Keadaan imunosupresi yang lama pada pasien pasca pencangkokan ginjal dapat
menjadi predisposisi infeksi herpesvirus 8 (HHV-8) dan sarkoma Kaposi yang
terkait.
Kelainan Gigi
Gigi lambat tumbuh dilaporkan pada anak-anak dengan GGK. Hipoplasi enamel
pada gigi susu maupun permanen dengan atau tanpa warnanya berubah menjadi
coklat juga dapat timbul.
Pada pasien GGK dewasa, penyempitan atau kalsifikasi ruang pulpa juga dapat
terjadi. Penyebab yang sebenarnya dari perubahan gigi ini belum diketahui.
Resipien cangkok ginjal mengalami penyempitan ruang pulpa lebih banyak
daripada pasien yang menerima hemodialisis.

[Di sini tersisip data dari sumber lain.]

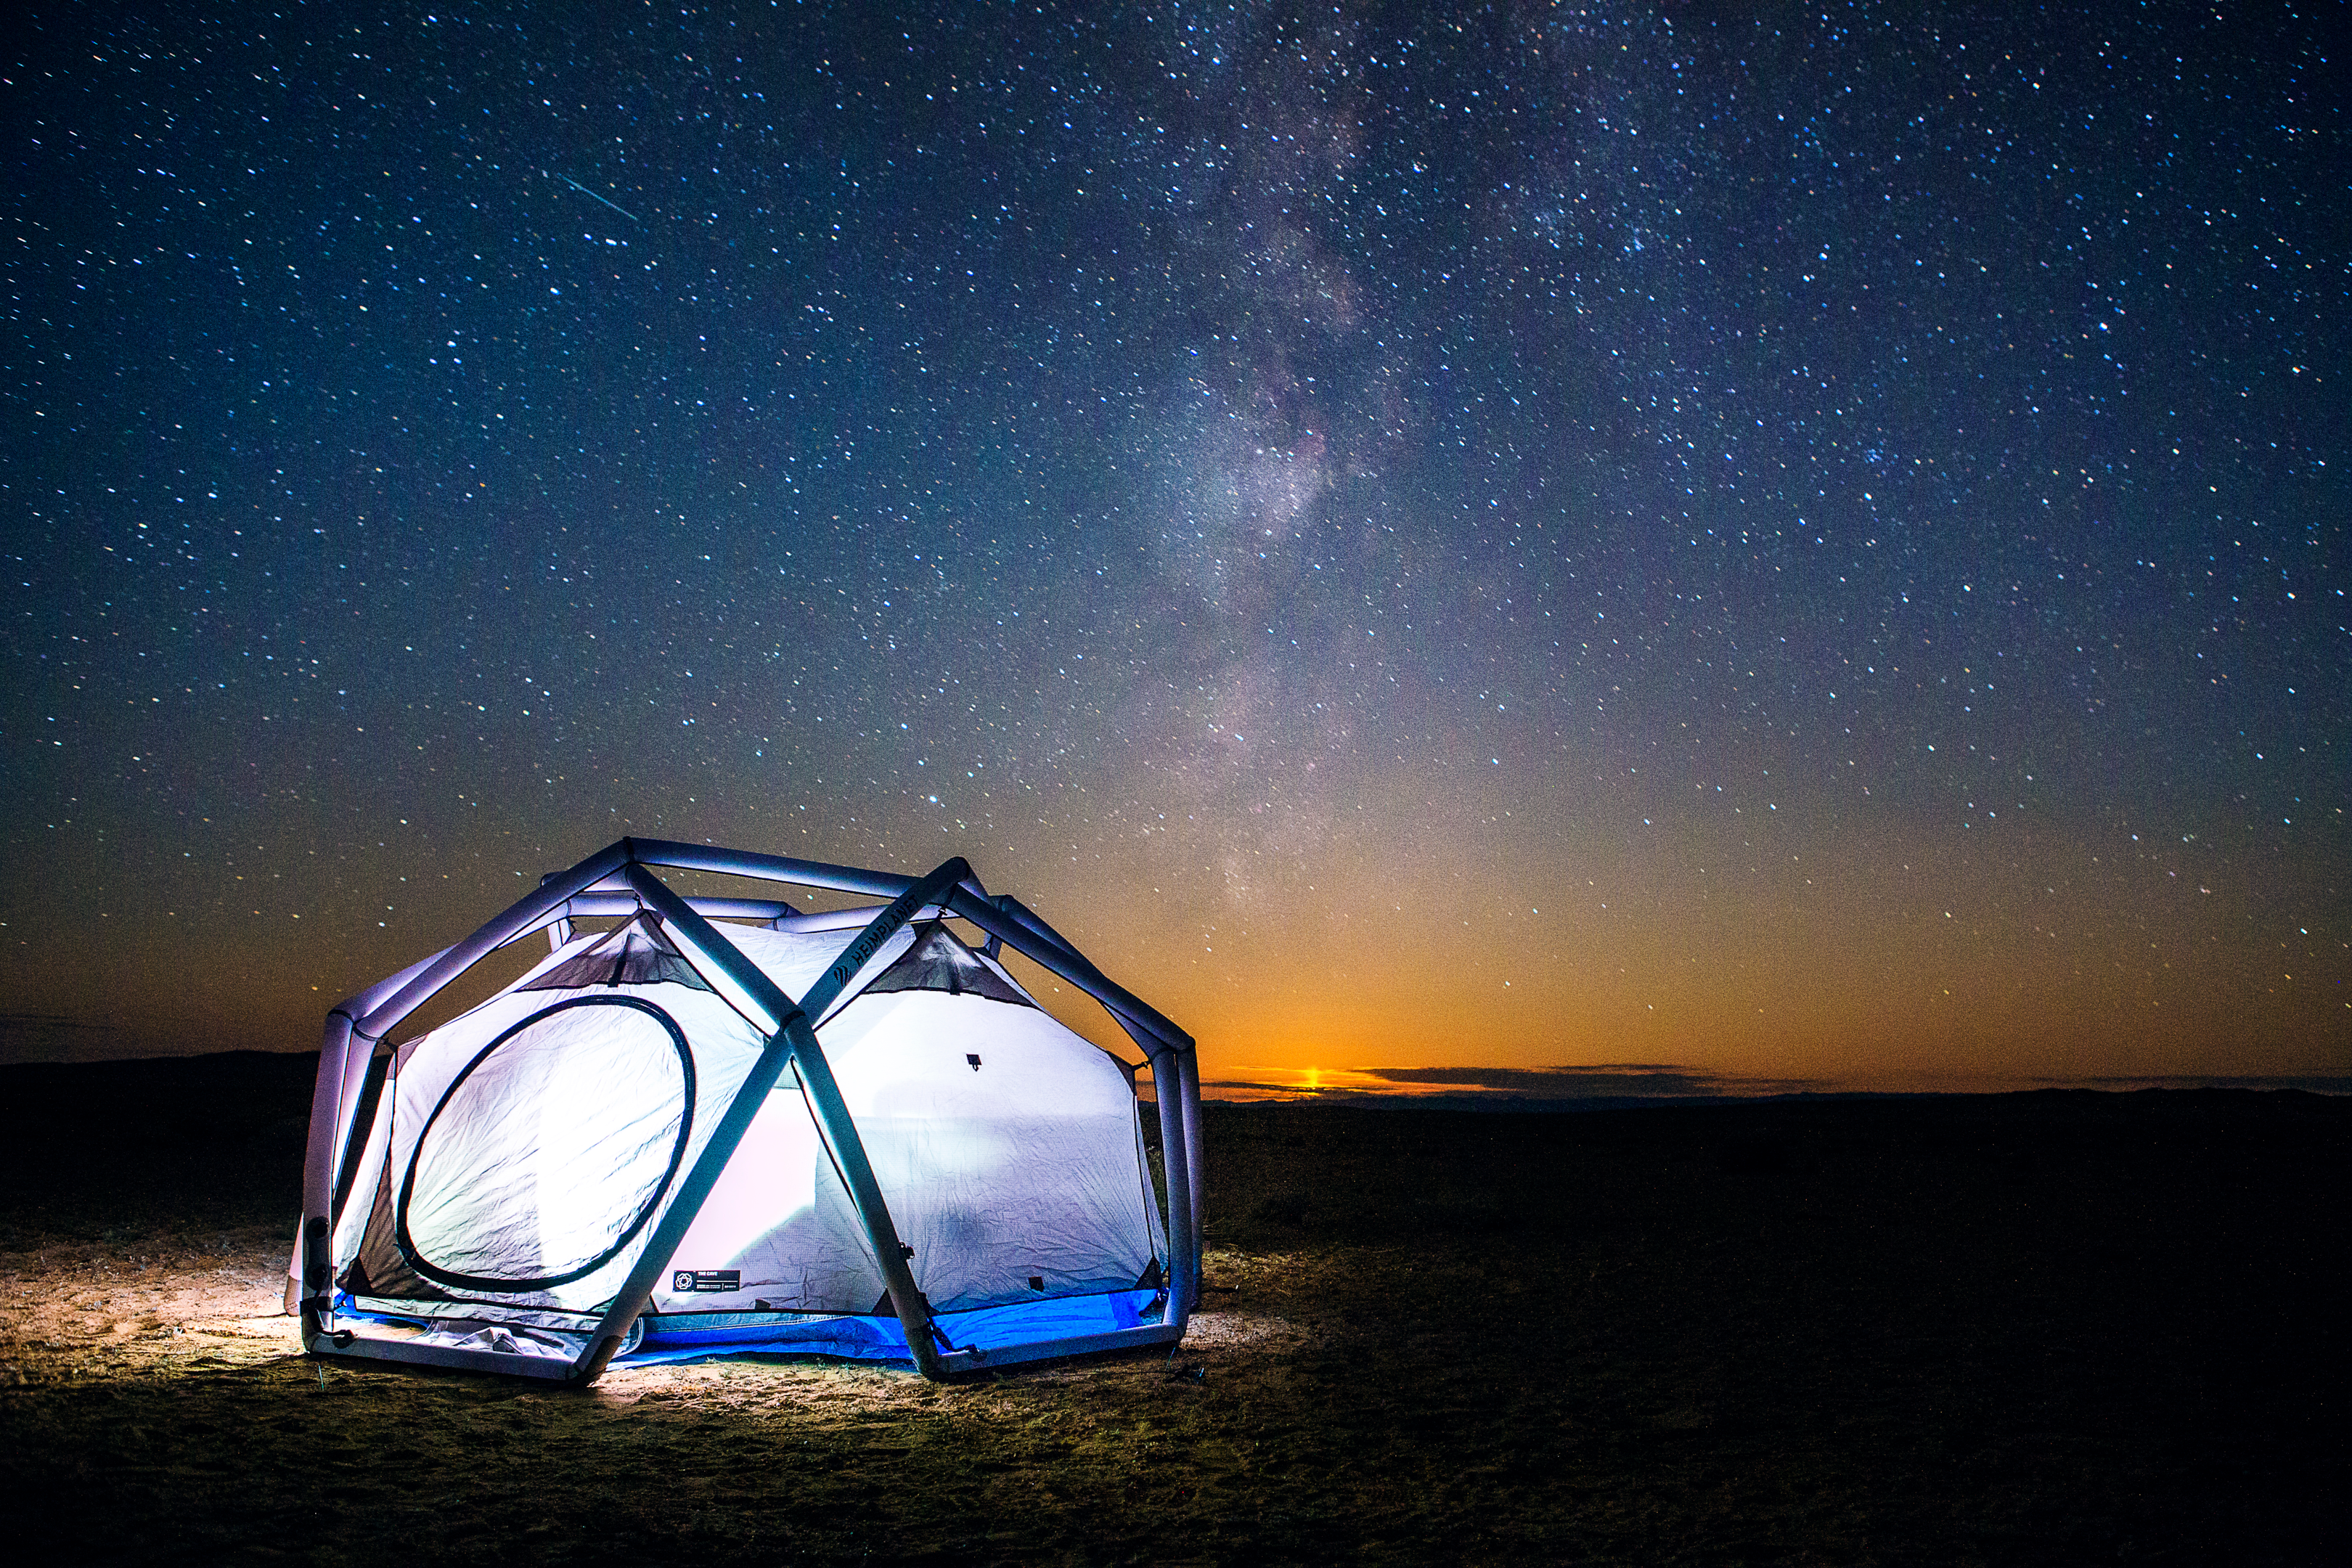 Bring or rent the right gear to enjoy an amazing night under the stars on a trip to Mongolia

Tidak ada hubungan yang
konsisiten antara terapi kortikosteroid dengan penyempitan ruang pulpa.
Peningkatan maupun penurunan angka kejadian karies gigi telah dilaporkan pada
kelompok pasien GGK. Tetapi, tidak ada bukti yang menunjukkan peningkatan
risiko karies secara signifikan pada pasien dengan GGK. Walaupun pasien
mengalami xerostomia, tampaknya tidak ada peningkatan risiko terjadi karies
servikalis, seperti yang diperkirakan sebelumnya.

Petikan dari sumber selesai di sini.